When the dust settled, we won a case that appeared to be unwinnable, with even the Privy Council agreeing with our arguments. Two junior officers had run rings around the mighty Hudson-Phillips.
The legal fraternity that today lionises Karl as an advocate-supreme, also forgets (or does not know) that humble solicitor Lennox Pierre found a flaw in the initial declaration of the emergency in 1970, which he, Alexander and others took to court on behalf of George Weekes and others. The judge ruled in their favour and the original emergency was nullified. Karl declared another emergency in order to hold the political detainees.
The notorious Public Order Bill, which some of his worshippers are today defending, sought to abrogate human and civil rights, curb freedom of speech and, the right to protest. It was aimed at opponents of the PNM, not criminals. Public outrage was such that even conservative citizens came out against it. Venerable QC Algernon “Pope” Wharton appeared on a protest platform for the only time in his life, tearing up a copy of the Bill. Government was forced to withdraw it, although Karl would later introduce elements of it piecemeal, hence the requirements to stage public meetings or hold protest demonstrations.

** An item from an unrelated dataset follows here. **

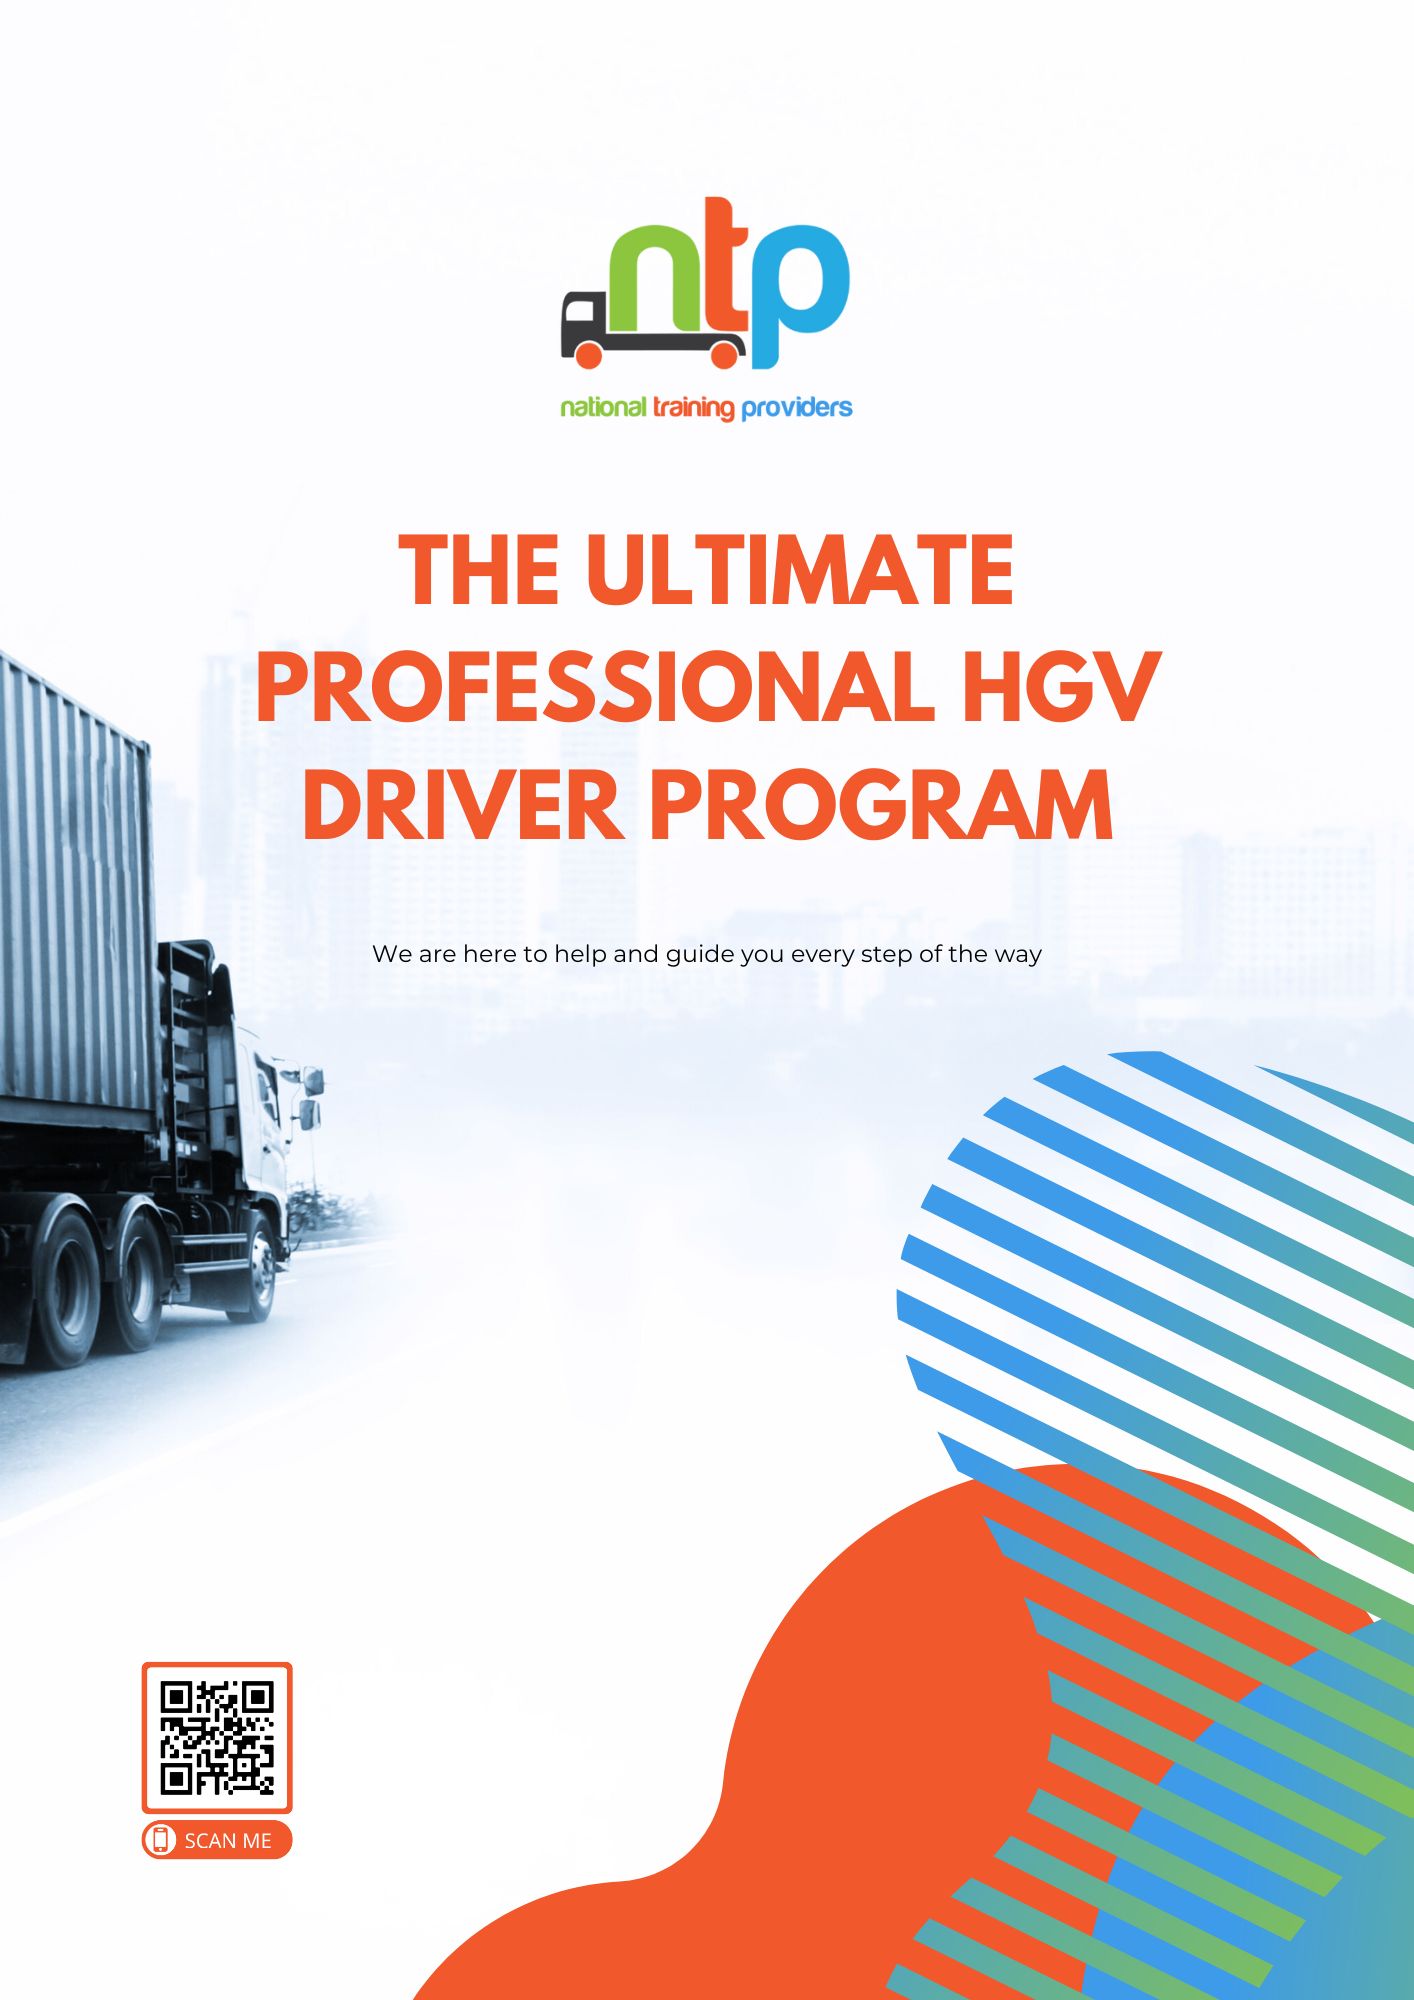 Request the ultimate professional HGV driver course information.

In most civilised countries, these rights are unfettered. Karl, with full backing from Dr Williams, had these draconian measures institutionalised in this country’s statute books. This was the background to Chalkdust’s immortal calypso, “Ah Fraid Karl”.
Karl would find himself estranged from Dr Williams by early 1973. In his Machiavellian style, Eric would neither speak with Karl nor respond to his letters. Karl had the courage to resign as AG, something that lesser PNMites would not dare do. Later that year, when a frustrated Eric declared his intention to resign as party leader, hence Prime Minister, Karl announced his candidacy for leadership.
On the day of the convention, at the behest of his toadies, Eric returned to wild acclamation at the party’s convention that seemed set to elect Karl. Battle lines were drawn,
In the run-up to the 1976 general election, Karl refused to sign an undated letter of resignation that Eric demanded of all PNM candidates.
He would later join the Land Tenants and Rate Payers Association and I would witness the unimaginable spectacle of Karl picketing Parliament. It was the first time we shook hands and talked. Later, he formed the ONR, the party that ended PNM ownership of the East-West Corridor and the middle class Afro-Trinidadian vote, even though it failed to win “a damn seat” in 1981. However, the alliance with an earlier and maybe more important PNM defector, Ray Robinson, and Basdeo Panday’s ULF, eventually crushed the PNM in 1986.
Karl could take credit for that, and for eschewing political office when he could have claimed it. He never explained why he stayed out of the NAR Cabinet, but when the new political behemoth imploded, his acolytes stayed with Robinson.
In his political after-life, he would emerge as a voice of reason, speaking out on contentious political issues or when persons holding high offices appeared to breach principles.
In spite of our vast differences, I learned to respect him. But I would never have trusted Karl with political power. I am convinced he would have abused it in the name of law and order, justice be damned.